140. Headcase

Tapehead no 140

Television, increasingly, is just becoming a study of madness. 

This week we have a veritable Blind Date of dementia with veteran contestants Rutger “the Hitcher” Hauer, “Mad” Frankie Fraser, and “Doolally” David Icke.

These days Frankie Fraser is on TV more often than the weatherman. (He was last seen on Brass Eye being branded “as mad as a lorry”.)

Frankie, it seems, has turned into a right old tart; a media tart. He even turns up on yet another bout of gangster nostalgia, Inside Story’s examination of gangsters and their women, Molls. (Next week it’ll be Gangsters and Their Pets.)

Frankie’s other half, Marilyn, is the daughter of one of he great train robbers. Her mum remembers realising he was up to somefink when they bought a van and some frilly curtains (hopefully not together).

“I knew there woz gunna be a rob’ry,” she remembers, sounding eerily like Waynetta. “Because ‘e told me to keep the kids away from the toy cupboard.”

The programme’s central premise – “behind every successful gangster, there’s a strong woman” – is, of course, nonsense. Usually behind every successful gangster is a woman who does what she’s told, doesn’t mind a smack now and again, and above all doesn’t know what her boyfriend’s up to. (Serious villains never tell their women anyfink.)

They wheel out done-to-death old lags like Charlie Wilson, Tony Lambrianou, and numerous old molls who have been involved with various armed blaggers Kray twins associates, and blokes like Dave Courtney who organised Ronnie Kray’s funeral and famously never goes anywhere without a knuckleduster (usually on his knuckles).

One typically astute moll, Jo-Jo Laine, the former girlfriend of one of the geezers what done the Knightsbridge safe-deposit job in ’87, declares: “I actually fell protected by dangerous men.” Which is okay for her, but what about the rest of us ?

Later she reveals: ” ‘E tried to bite my nose off.”

Like all at the other nonsense the BBC’s Oxbridge graduates come up with, Molls conveniently brushes over the fact that these geezers run protection rackets, loan-sharking, drug-dealing and committing acts of fantastic, sometimes random violence usually aimed at the general public. 

Marilyn Wisbey also contributed to the stream of racist rubbish Fraser came up with when he was (absurdly) on If I Were Prime Minister.

Tapehead says: stick ’em all back inside. It’s the only language they understand.

Rutger Hauer’s peculiarly amusing/amused form of madness has been on the wane somewhat of late.

But his performance as a Soviet Nuclear submarine captain in Hostile Waters is salvaged (unlike his submarine) by his depiction of the captain as a cross between an East German centre-half from the seventies and Coronation Street’s Jim MacDonald.

The moderately pointless moustache, tired greasy quiff, and failed air of resignation are all in place. All that’s missing, Tapehead feels, is Jim’s parka.

It’s even got Gail Tilsely’s Canadian brother in it as a suit from the White House.

Other bit-parts seem to be played by Ian Hislop, Tony Hancock, and Chelsea’s token Englishman, Dennis Wise. Martin “Charlie’s Dad” Sheen is resplendent in a Captain Bird’s Eye beard of the highest order.

The matte shots of the submarine are, to its credit, better than Scorsese’s Blue Peter efforts in Cape Fear but it all becomes a bit too much like an underwater Star Trek. (“Captain, the power’s gone.” “Switch to batteries.”)

Rutger saunters through it all with considerable aplomb, bestowing upon even his most staccato speeches a kind of suave grandeur, like Clark Gable in The Misfits.

On the evidence of The Chair, much like “Mad” Frank, poor David Icke should be locked up out of harm’s way.

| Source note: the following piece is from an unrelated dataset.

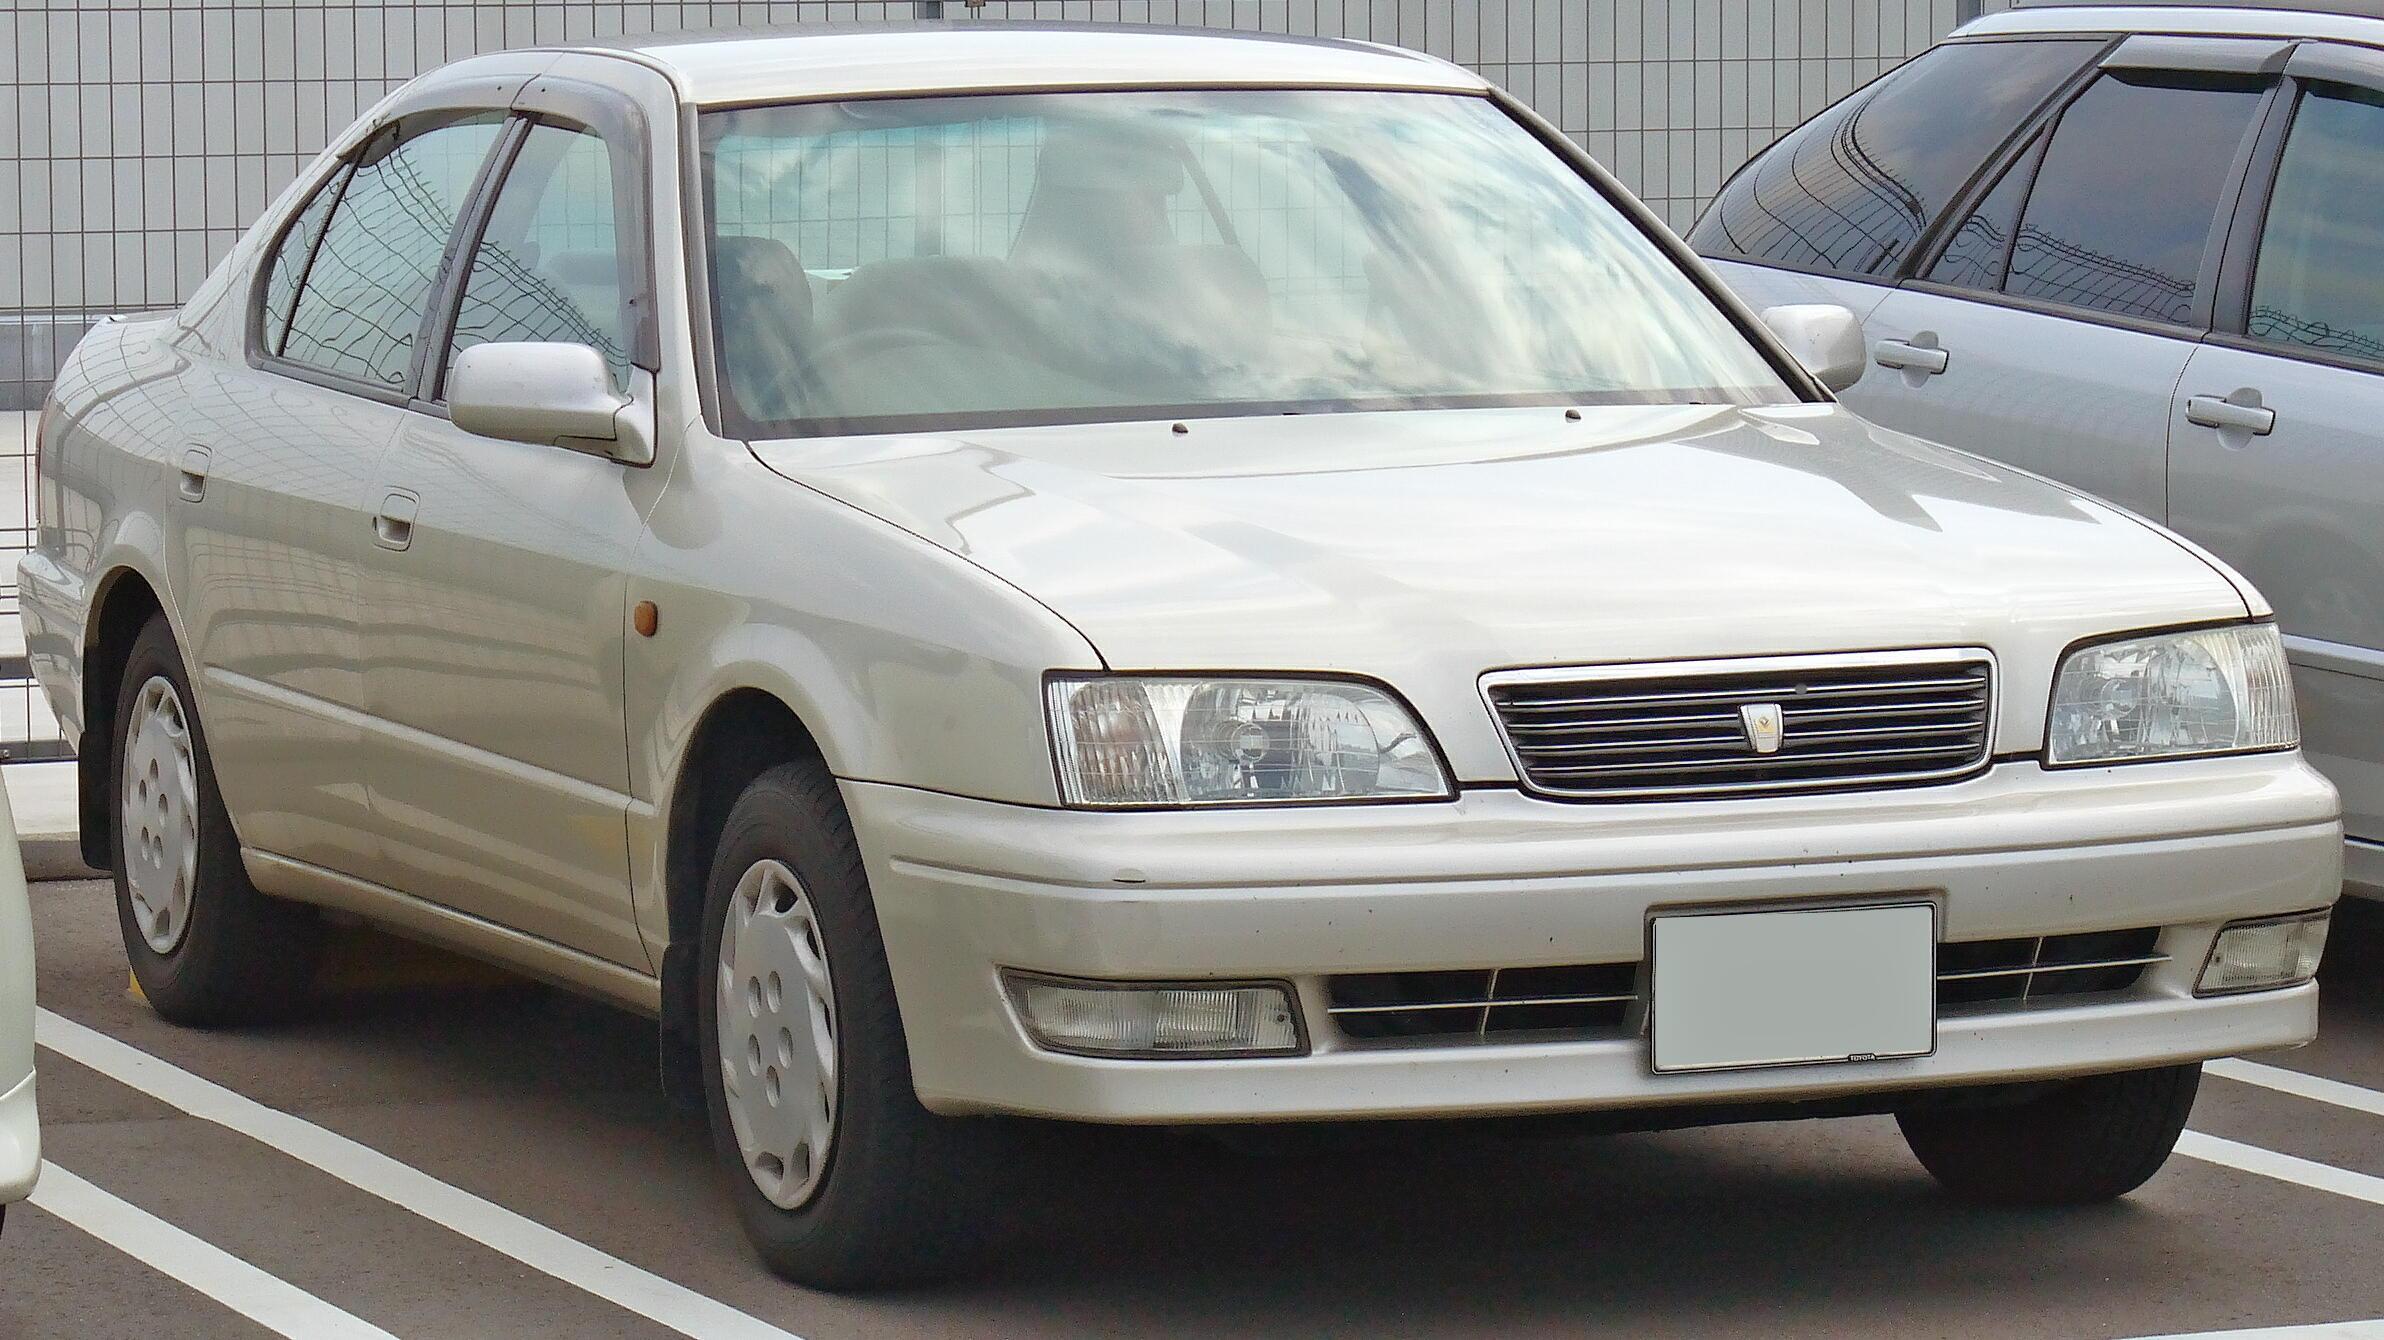 Toyota Vista III (V30) 1990 - 1994 Sedan-Hardtop #4

We would have learned more about him if Oliver James, the Chair’s resident (querulous) psychiatrist, could stop interrupting. (Just get Anthony Clare for the next series.).

Icke reveals that as a toddler, he used to cross the road to avoid people (now it’s vice versa) and that football was his saviour.

When he recalls the time people would laugh at him wherever he went, the juvenile James sniggers. Even when Oliver clears him of being schizophrenic – on the (erroneous) grounds that he has none of the classic symptoms – Icke scents a conspiracy.

“But who decided what the classic symptoms are ? And who told us them, you see ?”

His paranoia certainly seems clinical and terminal.

Oliver James cops out from giving his conclusion.

But in Tapehead’s view, the medical term of it is: bananas.